In their SfN poster, first author Haiyan Wu and colleagues showed that Aβ exposure led to dendritic spine changes, as well as activation and nuclear translocation of NFATc4, in cultured cortical neurons. They were able to block all these effects using calcineurin or NFAT inhibitors. “That suggests that calcineurin activation was a critical signaling mechanism that converts soluble Aβ to neuronal abnormality,” Hyman said. Furthermore, his team was able to phenocopy the Aβ-induced changes in wild-type neurons by transfecting them with a constitutively active form of calcineurin, showing that calcineurin is not only necessary but sufficient to mediate the Aβ effects.

Hyman and colleagues have some evidence to suggest these findings are relevant to AD. They found accumulation of NFATc4 and an active form of calcineurin in nuclear extracts from AD compared to control brain tissue.

This jibes with new data from Chris Norris’s lab at the University of Kentucky in Lexington. In a study published last month, first author Hafiz Abdul and colleagues found higher amounts of several activated NFATs in nuclear fractions of postmortem brain tissue from MCI and AD patients, relative to healthy seniors (Abdul et al., 2009 and ARF related news story).

At SfN, Abdul and colleagues presented a poster showing a corresponding increase in activation of calcineurin—the phosphatase that regulates NFAT activity—in the same MCI and AD samples. Previous work had demonstrated increases in calpain-mediated proteolysis and activation of calcineurin in severe AD (Liu et al., 2005), and the new data from Norris’s group suggest that these abnormalities begin in earlier stages of disease. Specifically, Abdul and colleagues found that MCI cytosolic fractions had higher levels of calpain-1 and the 45 kDa activated calcineurin-Aα fragment. Treatment with oligomeric Aβ was able to induce proteolysis of calcineurin to the 45 kDa fragment in mixed hippocampal cultures, and the calpain inhibitor calpeptin tempered this activity.

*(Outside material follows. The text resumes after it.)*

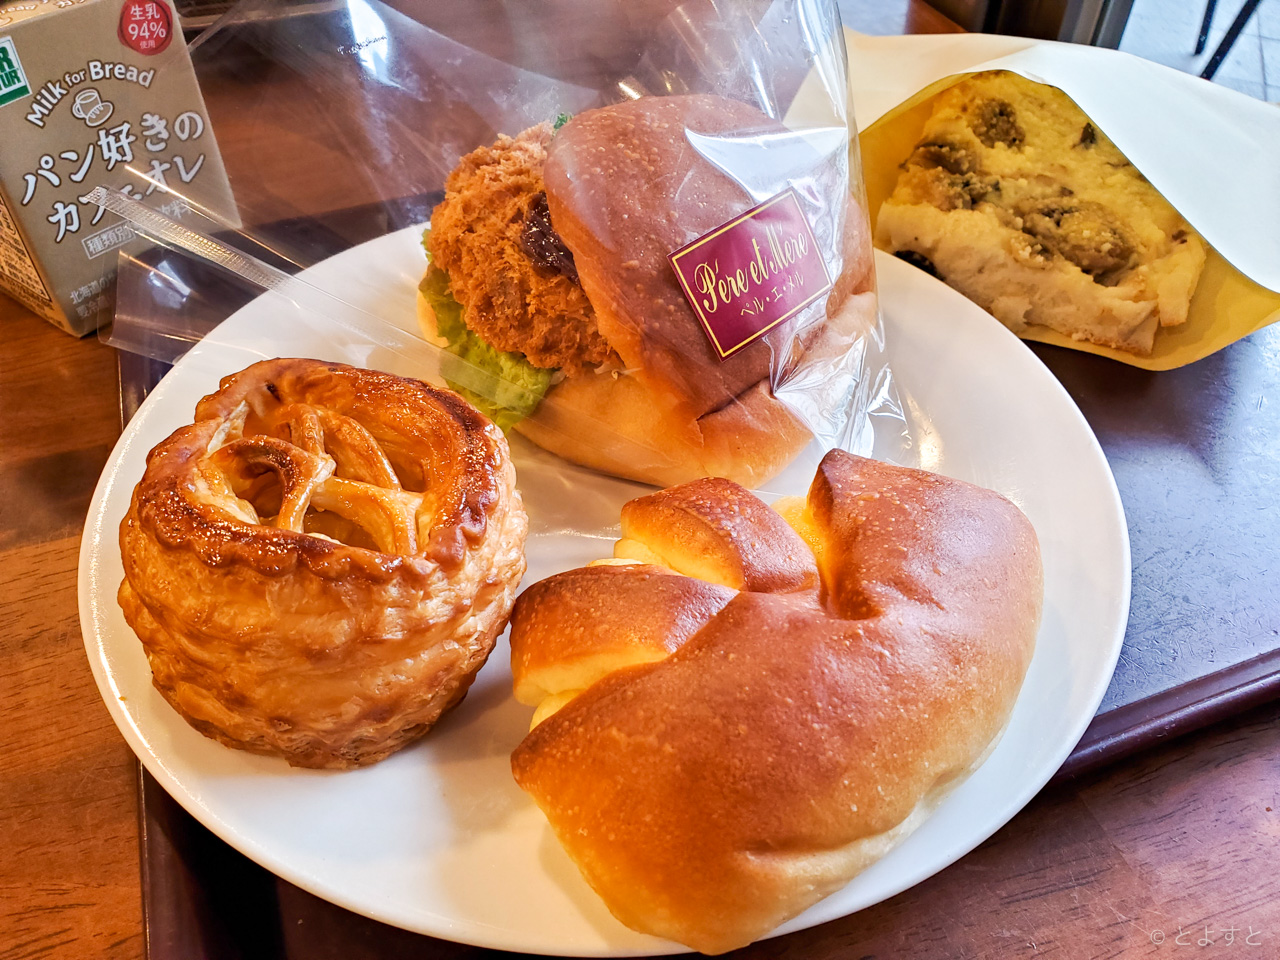 豊洲駅前のパン屋「ペル・エ・メル」で、贅沢な牛肉入りカレーパンとバゲット等を購入

On another poster from the Norris lab, Jennifer Furman and colleagues reported looking at production of inflammatory cytokines, the downstream effect of NFAT-mediated signal transduction. They found that GM-CSF, TNFα, and IL-1β are upregulated in AD, and to some extent in brain samples from MCI and milder “preclinical” patients, too. (Patients were classified as control, MCI, or preclinical based on pathology and cognitive status as determined by the Mini-Mental State Examination. The control and preclinical groups had MMSE scores of 28-29, and MCI participants had scores around 24.) Levels of the three upregulated cytokines seemed to correlate with nuclear accumulation of NFAT1, but not NFATs 2 or 3. As reported on the poster, these findings suggest that “at least some components of neuroinflammation are increased in the very early stages of AD and are due, in part, to elevated NFAT1 activation.”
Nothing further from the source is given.